Print the records below exactly, starting at the first line and stopping after the line that contains "TRANSFORMER POWER Supp". Leave out any pictures.

**RECORDED DATA:**
○ ○ ○ ○ ○ ○ ○

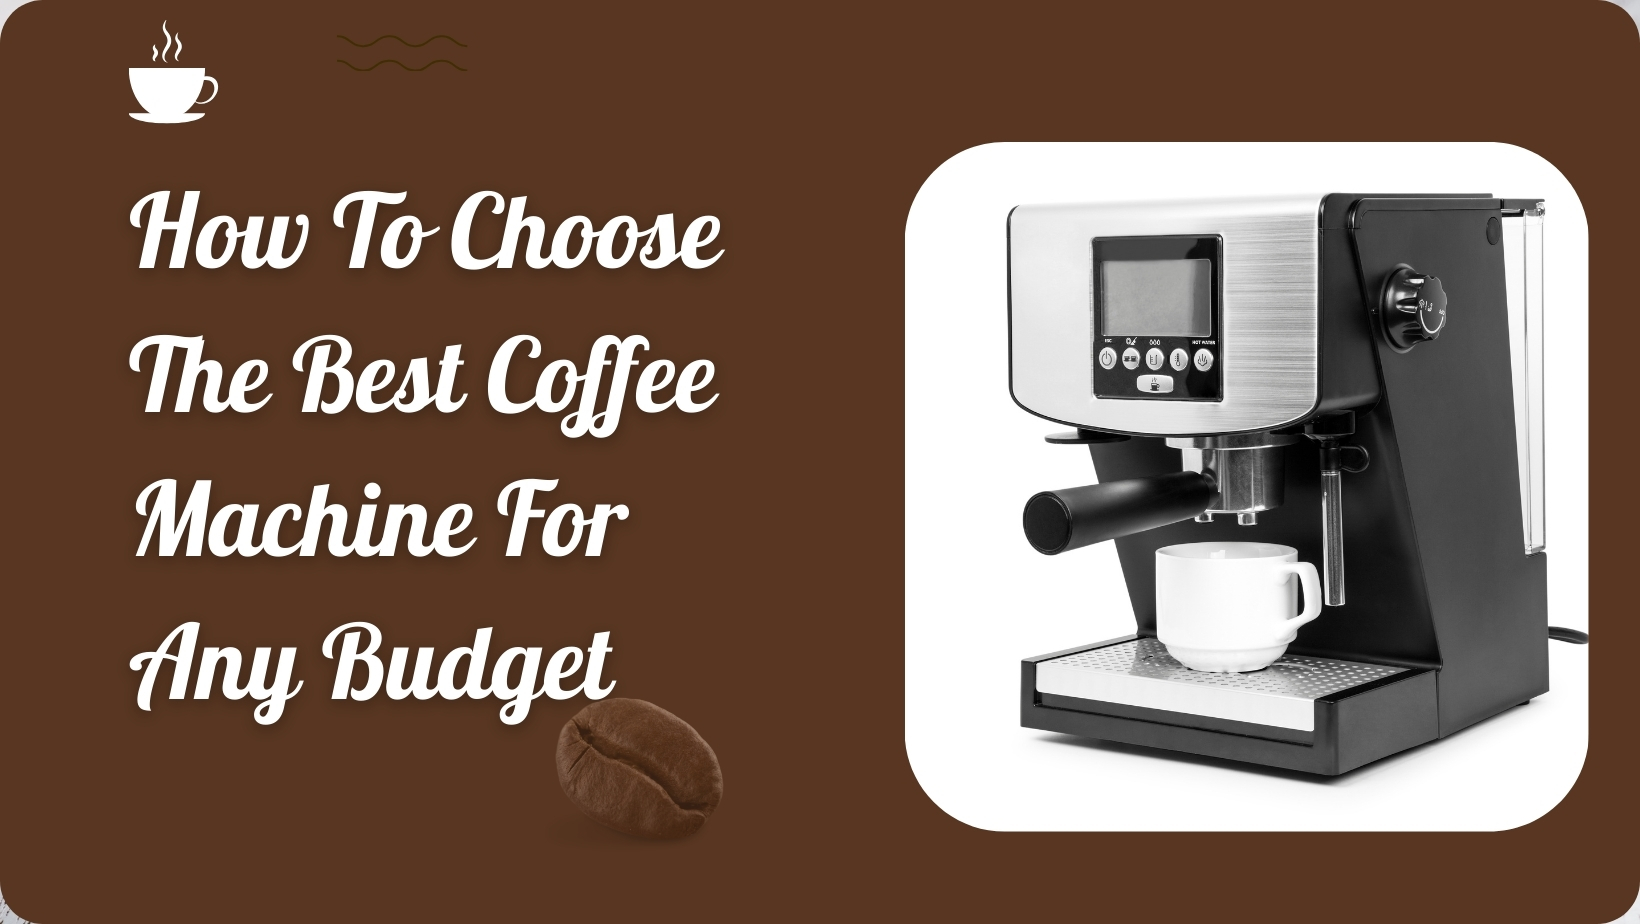 How To Choose The Best Coffee Machine For Any Budget
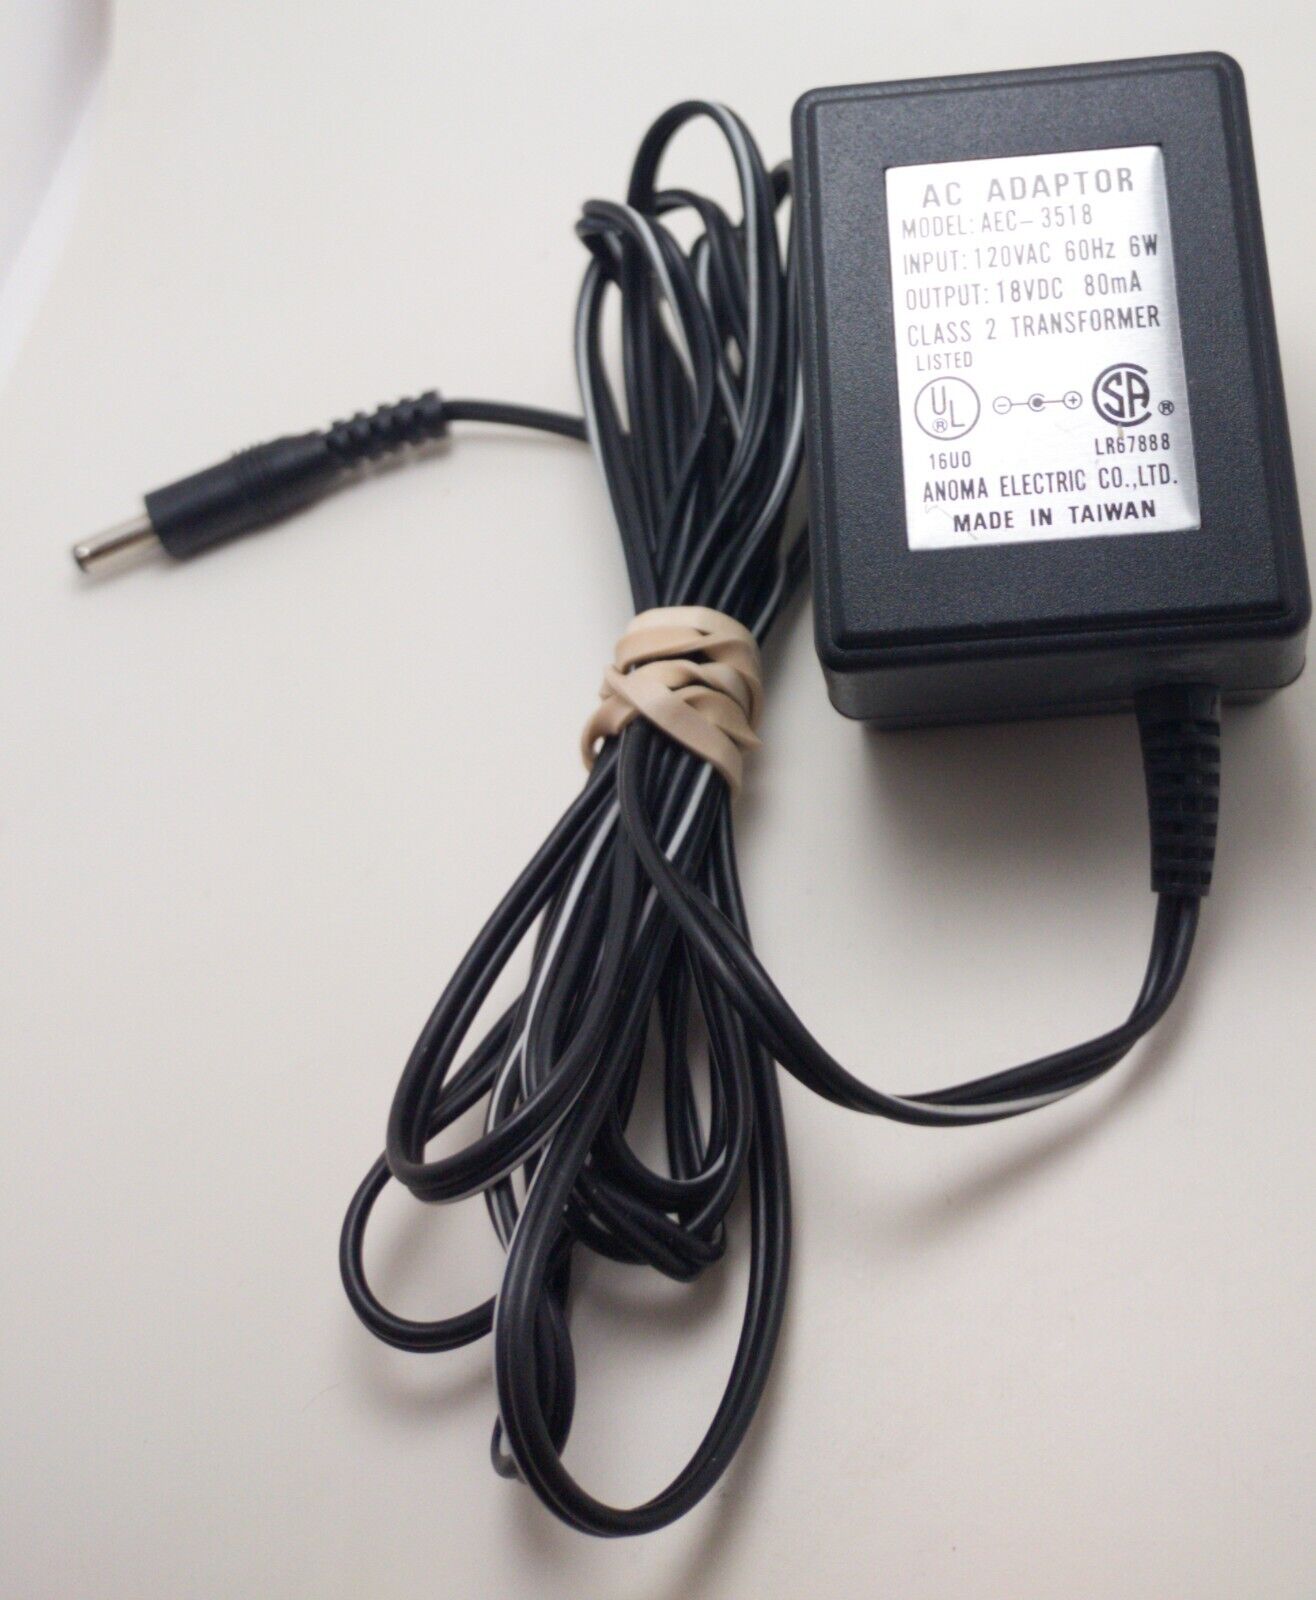 *Brand NEW*IN:120VAC/60Hz/6W OUT:18VDC/80mA ANOMA AC ADAPTOR AEC-3518 CLASS 2 TRANSFORMER POWER Supp
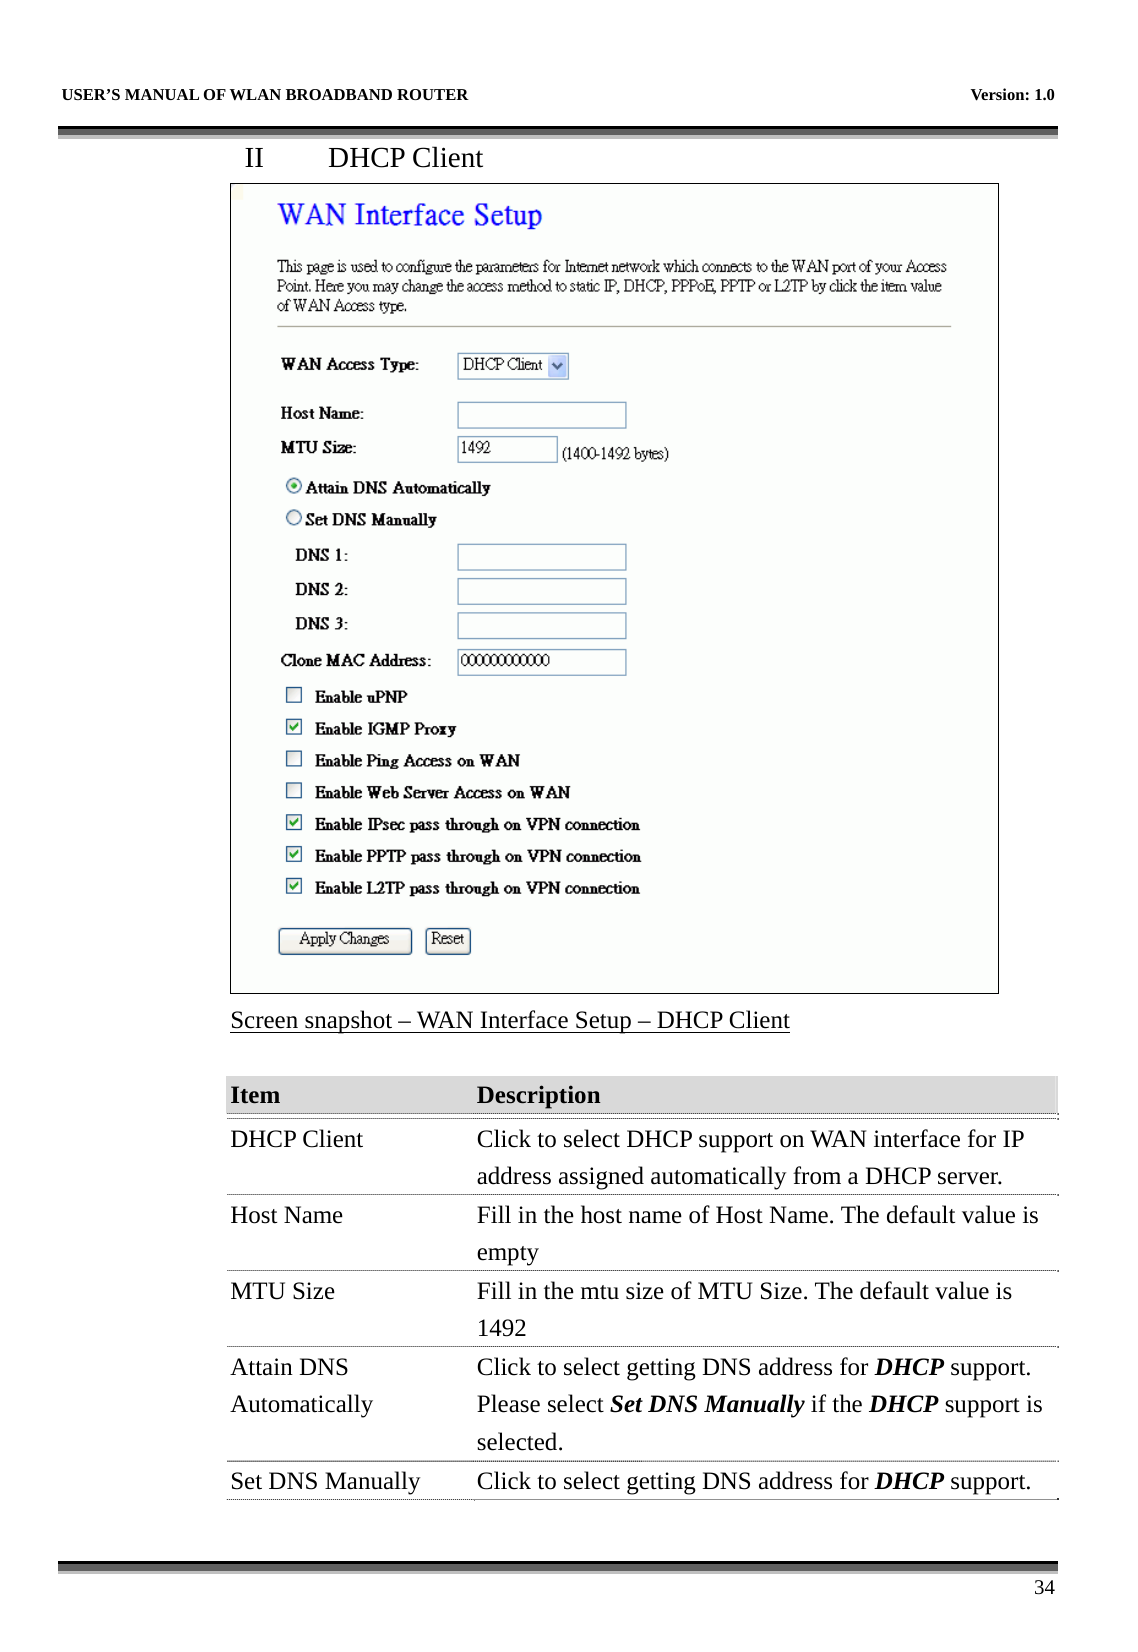   USER’S MANUAL OF WLAN BROADBAND ROUTER    Version: 1.0      34 II  DHCP Client  Screen snapshot – WAN Interface Setup – DHCP Client  Item  Description   DHCP Client  Click to select DHCP support on WAN interface for IP address assigned automatically from a DHCP server. Host Name  Fill in the host name of Host Name. The default value is empty MTU Size  Fill in the mtu size of MTU Size. The default value is 1492 Attain DNS Automatically Click to select getting DNS address for DHCP support. Please select Set DNS Manually if the DHCP support is selected. Set DNS Manually  Click to select getting DNS address for DHCP support. 
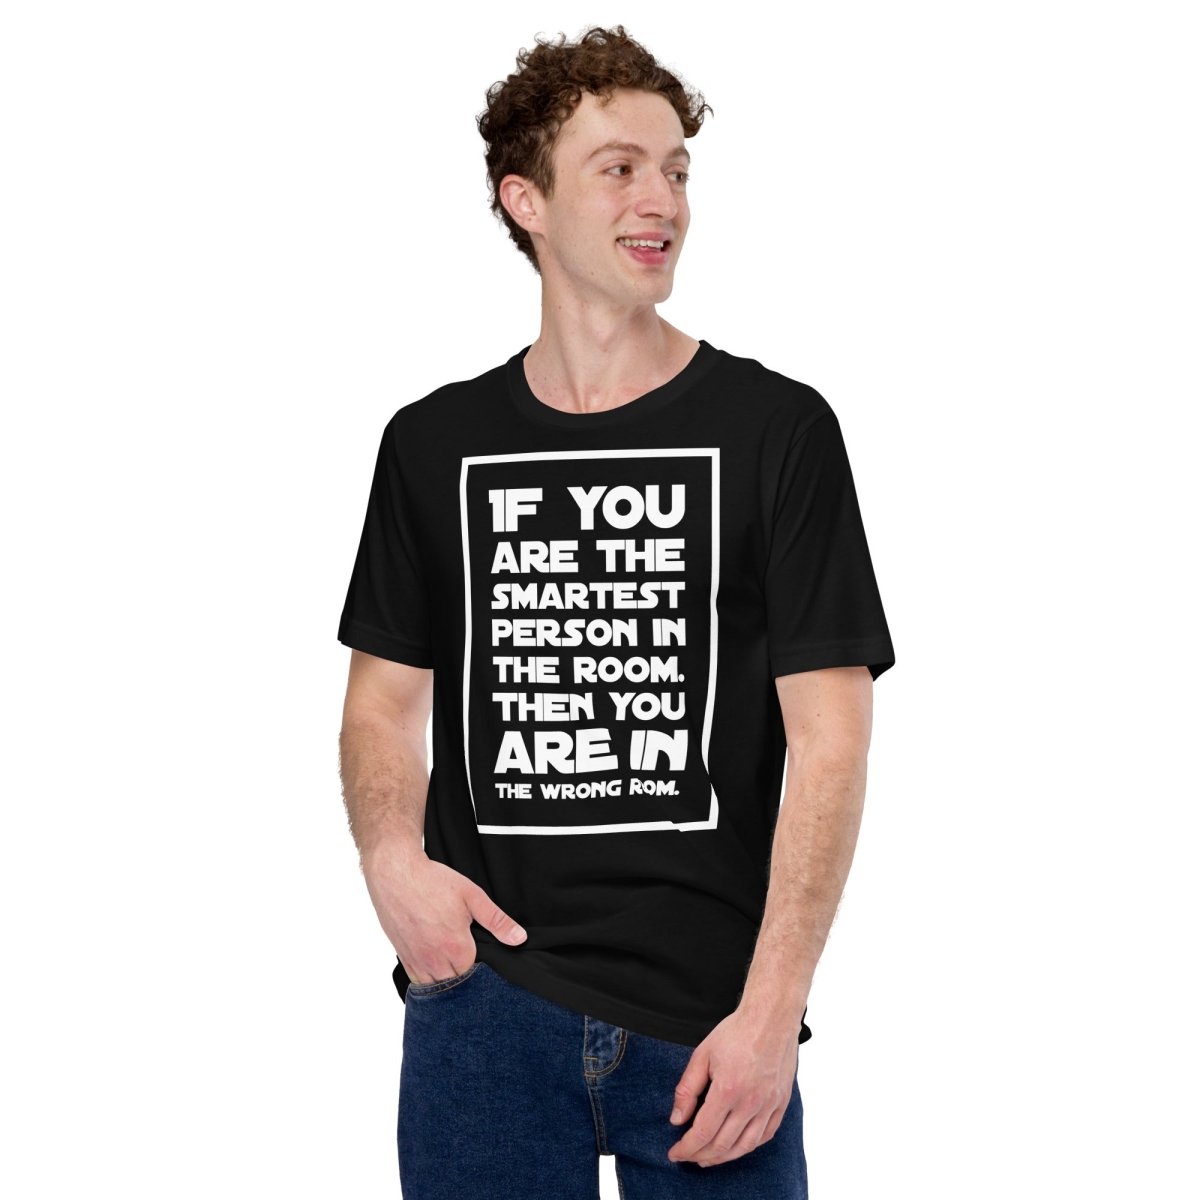 You are in the wrong room. T - Shirt (unisex) - Black - AI Store
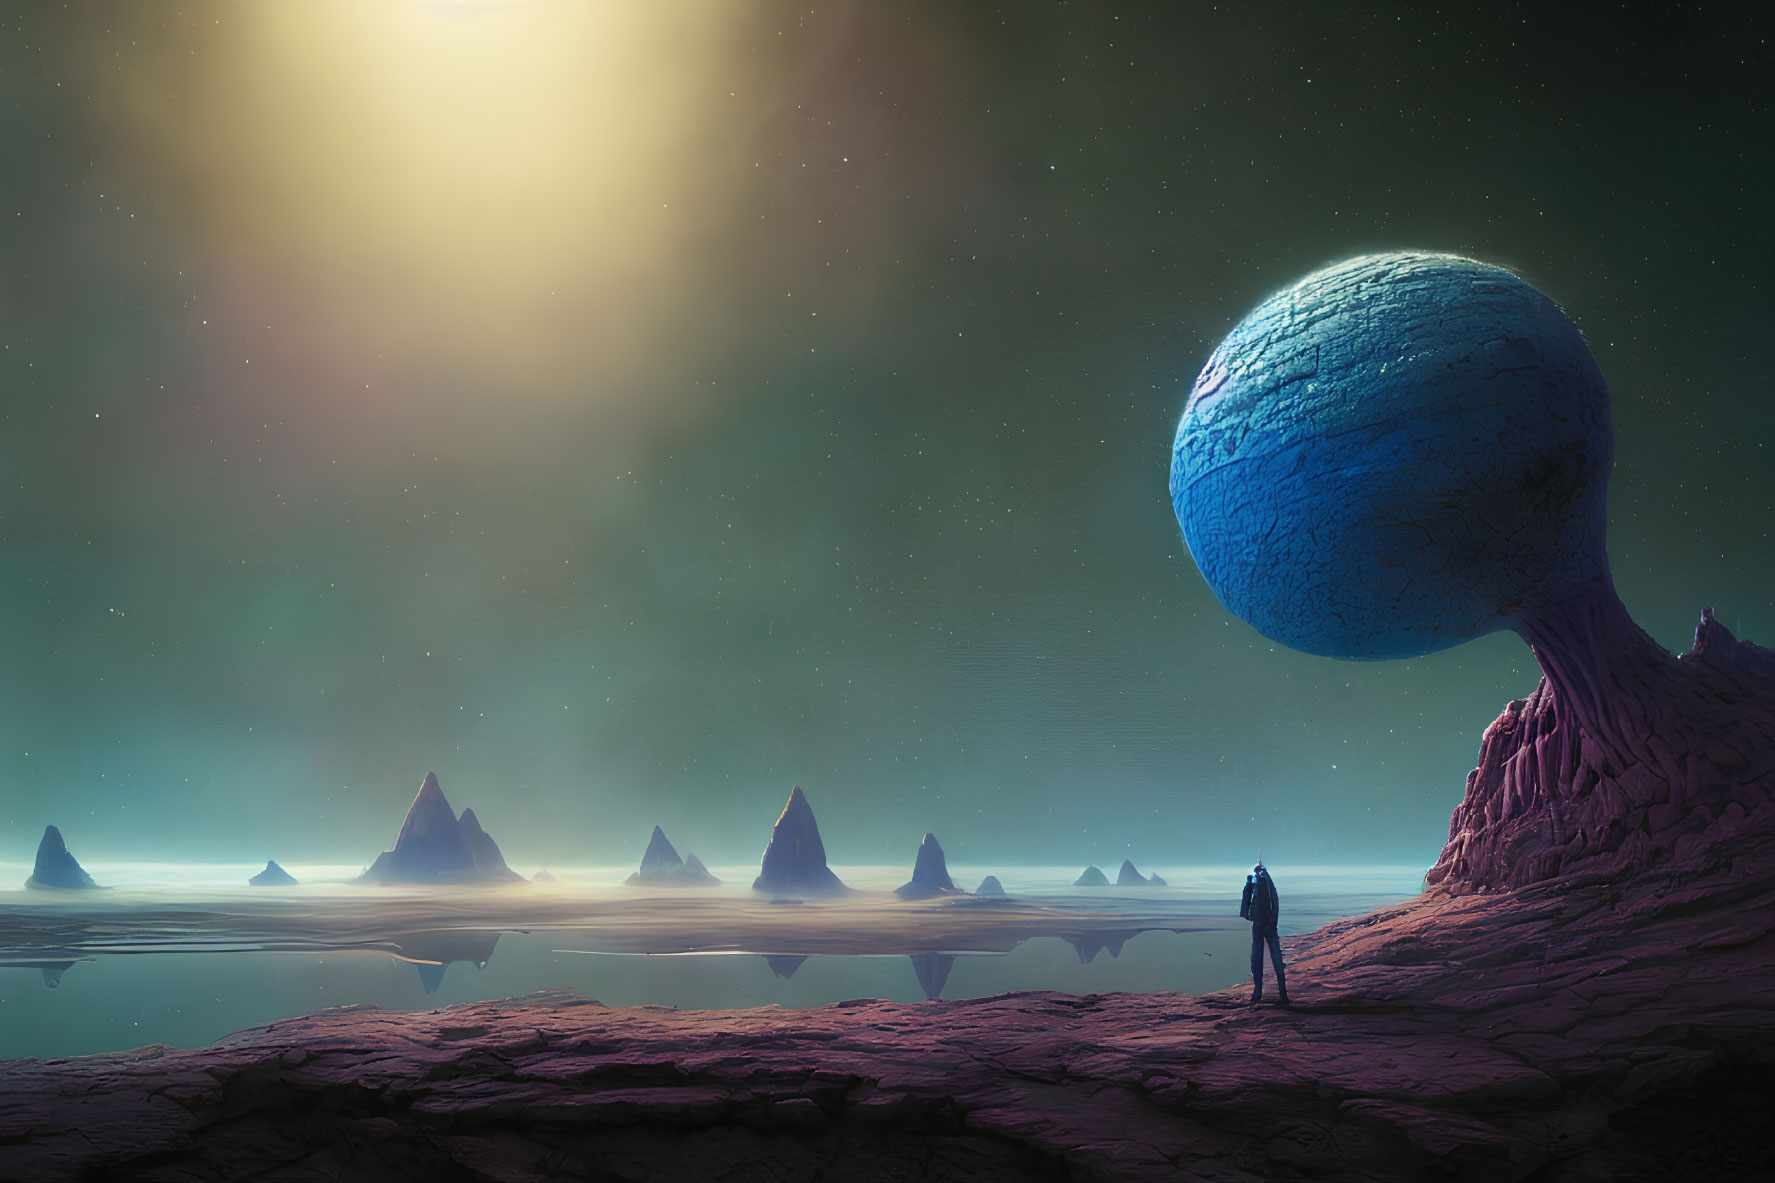 Person on alien landscape with towering spires and large blue sphere under celestial glow

○ ○ ○ ○ ○ ○ ○

**RESPONSE TO THE TASK:**
 How To Choose The Best Coffee Machine For Any Budget
 *Brand NEW*IN:120VAC/60Hz/6W OUT:18VDC/80mA ANOMA AC ADAPTOR AEC-3518 CLASS 2 TRANSFORMER POWER Supp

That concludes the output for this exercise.